How arktypeSchema Works Internally

  1. Calls schema(values) -- ArkType schemas are callable functions

  2. Checks if the result is an ArkErrors array (detected by the presence of a summary property on the array)

  3. If not an error, returns &#123;&#125;

  4. If an error, maps each ArkError to a ValidationIssue by converting each PropertyKey in error.path to a string and joining with .
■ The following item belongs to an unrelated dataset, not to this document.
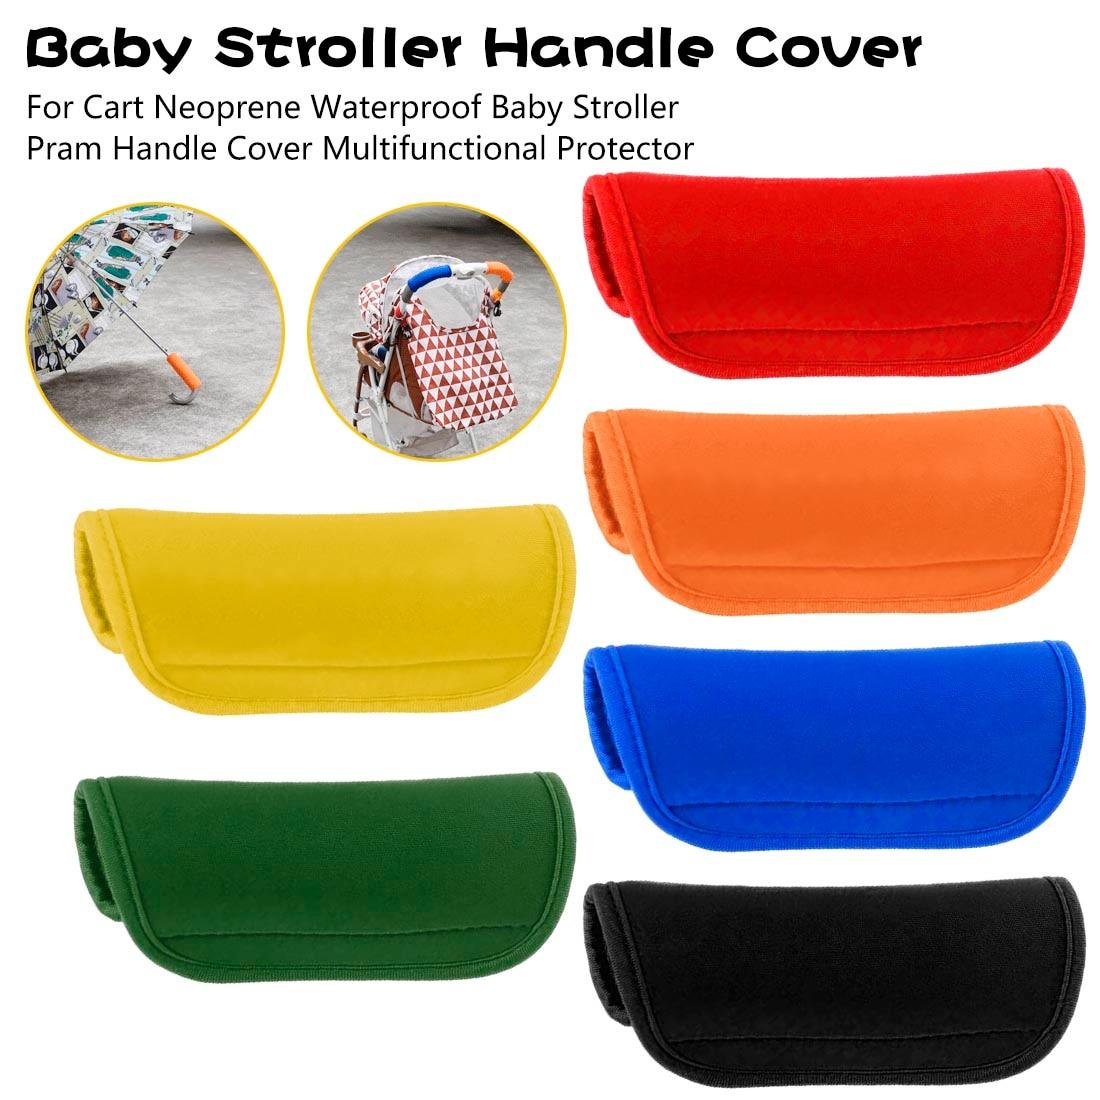 Waterproof 1pcs Baby Stroller Handle Cover For Pram Cart Multifunctional Protector Neoprene Stroller Accessories
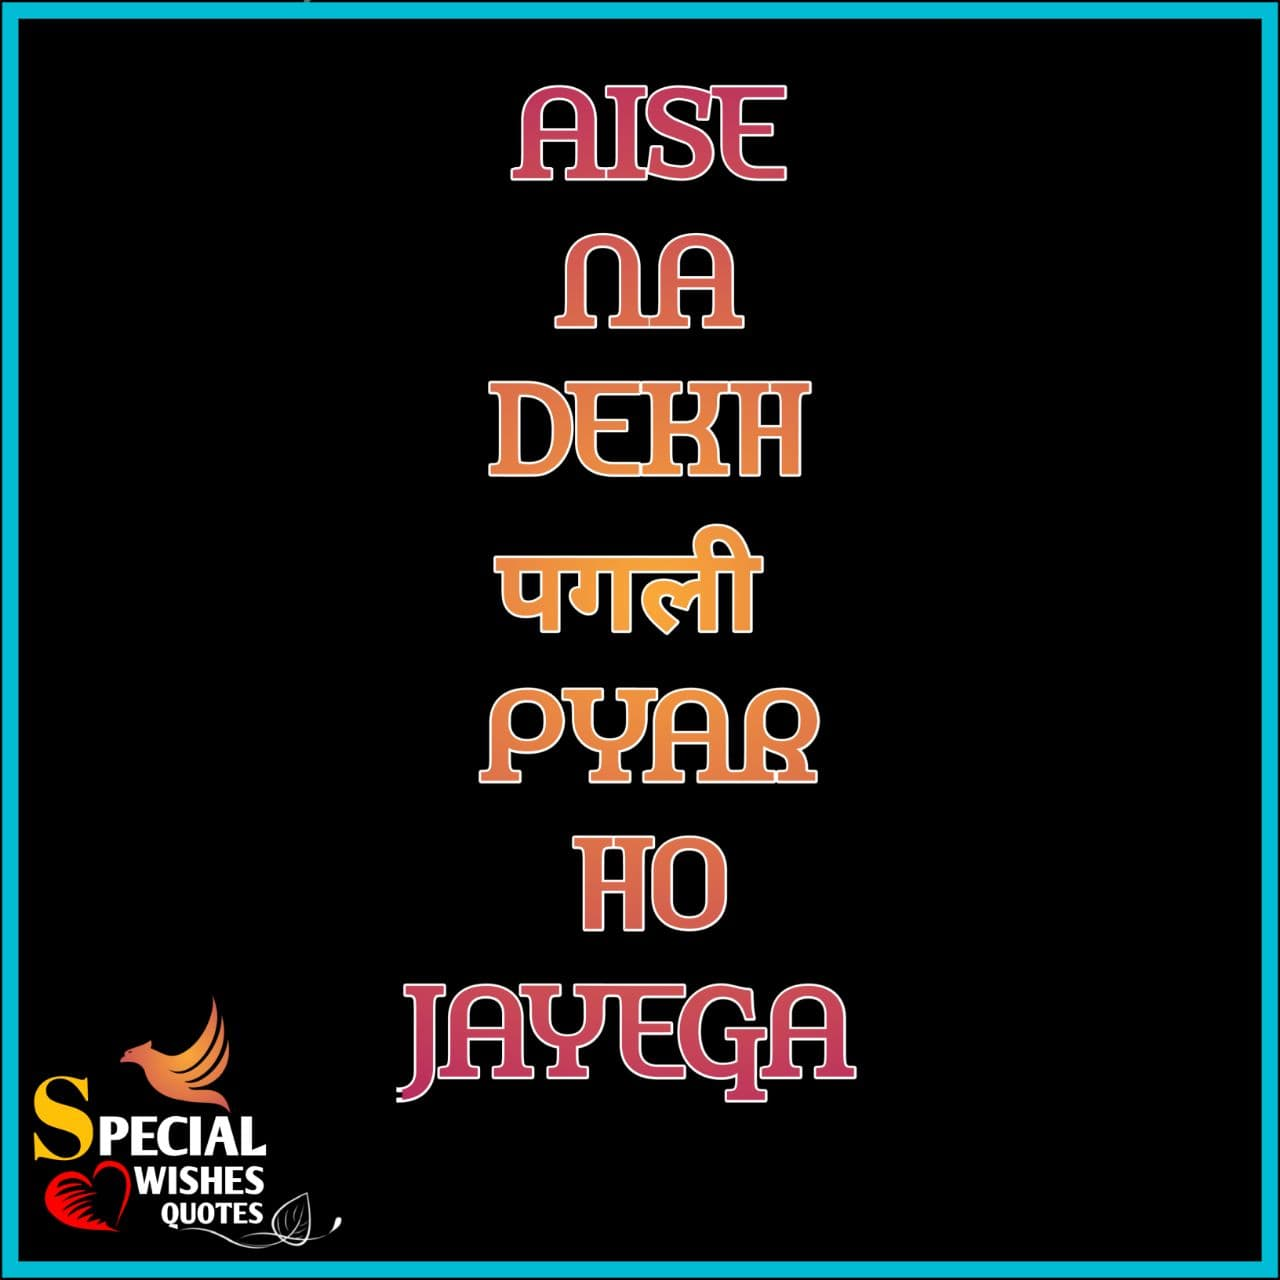 'Aise Na Dekh Pagli Pyar Ho Jayega Attitude Dp Image'

  5. Passes the issues to issuesToRecord

ArkType is Synchronous

Unlike Zod and Valibot, the ArkType adapter is synchronous. The arktypeSchema and arktypeField functions do not return promises. However, since @pyreon/form expects SchemaValidateFn and ValidateFn to potentially be async, they work seamlessly in the form's validation pipeline.


issuesToRecord Utility

Convert an array of ValidationIssue objects into a flat record mapping field names to error messages. This is the bridge between library-specific error formats and @pyreon/form's expected error shape.

Basic Usage

import { issuesToRecord } from '@pyreon/validation'

const errors = issuesToRecord([
  { path: 'email', message: 'Invalid email' },
  { path: 'password', message: 'Too short' },
])
// => { email: "Invalid email", password: "Too short" }

First Error Wins

When multiple issues exist for the same field path, the first message wins:

const errors = issuesToRecord([
  { path: 'email', message: 'Invalid email' },
  { path: 'email', message: 'Already taken' },
  { path: 'password', message: 'Too short' },
])
// => { email: "Invalid email", password: "Too short" }
// "Already taken" is ignored because "email" already has an error

Nested Paths

Nested paths are stored as-is (dot-separated strings). The adapter is responsible for producing the correct dot-separated path from the library's native path format:

const errors = issuesToRecord([
  { path: 'address.city', message: 'City is required' },
  { path: 'address.zip', message: 'Invalid ZIP' },
  { path: 'tags.0', message: 'Tag cannot be empty' },
])
// => { "address.city": "City is required", "address.zip": "Invalid ZIP", "tags.0": "Tag cannot be empty" }

Empty Input

An empty array returns an empty object:

issuesToRecord([])
// => {}

Combining Schema and Field Validators

You can use both schema-level and per-field validators on the same form. Field validators run first, then the schema validator runs. If either produces errors, the form is invalid.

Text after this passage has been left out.